→ Exercise directions
Exact reproduction required: the lines below from the line with "Толстовка для мальчика ESS Hooded Sweat Jacket PUMAТолстовка" to the line with "Camping Côte Sauvage", both ends included, and no others.

→ Data for review
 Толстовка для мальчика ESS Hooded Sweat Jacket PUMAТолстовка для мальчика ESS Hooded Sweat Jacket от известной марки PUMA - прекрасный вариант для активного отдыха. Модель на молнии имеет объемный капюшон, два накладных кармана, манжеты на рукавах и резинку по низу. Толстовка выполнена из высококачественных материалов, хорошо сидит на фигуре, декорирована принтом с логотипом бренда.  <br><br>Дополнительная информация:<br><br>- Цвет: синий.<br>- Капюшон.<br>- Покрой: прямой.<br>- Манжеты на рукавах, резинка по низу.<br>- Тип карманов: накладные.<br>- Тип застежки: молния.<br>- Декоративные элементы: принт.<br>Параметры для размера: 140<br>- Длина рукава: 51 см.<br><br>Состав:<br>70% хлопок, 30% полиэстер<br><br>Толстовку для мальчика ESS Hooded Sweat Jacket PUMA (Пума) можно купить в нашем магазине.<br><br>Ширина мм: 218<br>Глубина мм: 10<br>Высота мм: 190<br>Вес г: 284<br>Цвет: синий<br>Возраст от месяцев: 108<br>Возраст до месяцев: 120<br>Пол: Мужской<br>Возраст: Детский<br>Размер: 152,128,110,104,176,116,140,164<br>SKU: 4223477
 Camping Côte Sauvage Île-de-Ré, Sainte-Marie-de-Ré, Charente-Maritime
--
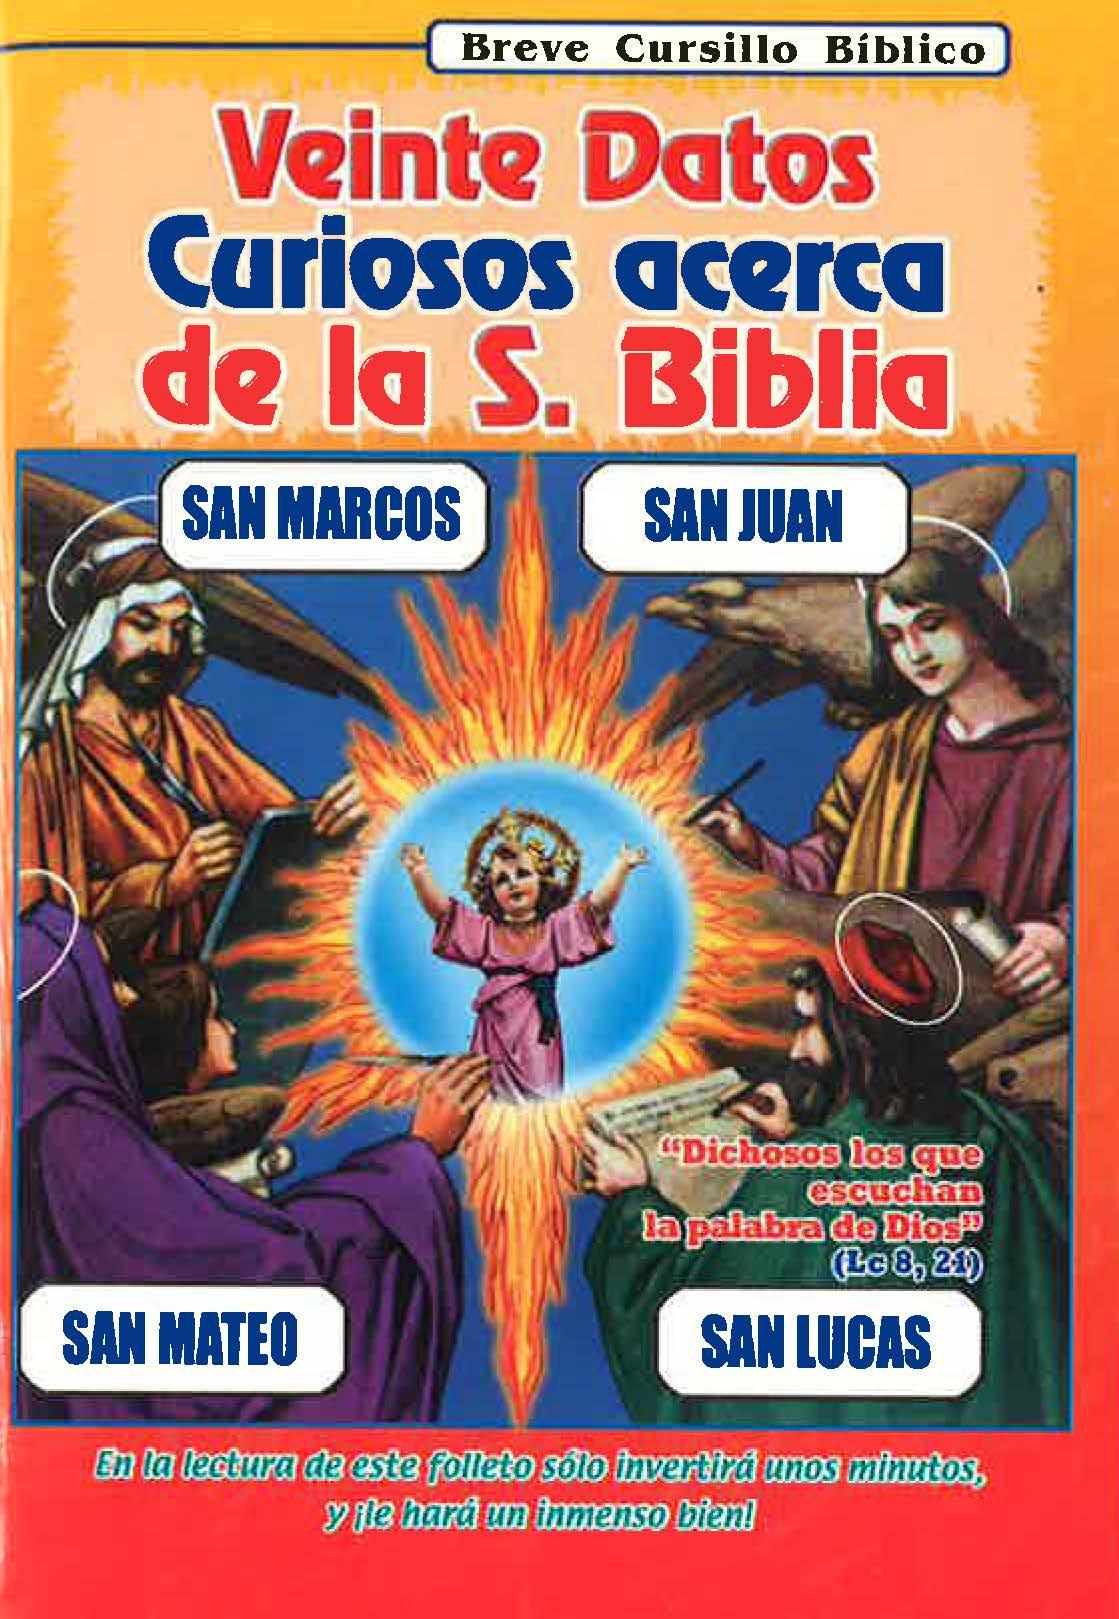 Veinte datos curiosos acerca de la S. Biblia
* * *
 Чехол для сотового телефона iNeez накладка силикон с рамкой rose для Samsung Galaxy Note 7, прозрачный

→ Output below
 Толстовка для мальчика ESS Hooded Sweat Jacket PUMAТолстовка для мальчика ESS Hooded Sweat Jacket от известной марки PUMA - прекрасный вариант для активного отдыха. Модель на молнии имеет объемный капюшон, два накладных кармана, манжеты на рукавах и резинку по низу. Толстовка выполнена из высококачественных материалов, хорошо сидит на фигуре, декорирована принтом с логотипом бренда.  <br><br>Дополнительная информация:<br><br>- Цвет: синий.<br>- Капюшон.<br>- Покрой: прямой.<br>- Манжеты на рукавах, резинка по низу.<br>- Тип карманов: накладные.<br>- Тип застежки: молния.<br>- Декоративные элементы: принт.<br>Параметры для размера: 140<br>- Длина рукава: 51 см.<br><br>Состав:<br>70% хлопок, 30% полиэстер<br><br>Толстовку для мальчика ESS Hooded Sweat Jacket PUMA (Пума) можно купить в нашем магазине.<br><br>Ширина мм: 218<br>Глубина мм: 10<br>Высота мм: 190<br>Вес г: 284<br>Цвет: синий<br>Возраст от месяцев: 108<br>Возраст до месяцев: 120<br>Пол: Мужской<br>Возраст: Детский<br>Размер: 152,128,110,104,176,116,140,164<br>SKU: 4223477
 Camping Côte Sauvage Île-de-Ré, Sainte-Marie-de-Ré, Charente-Maritime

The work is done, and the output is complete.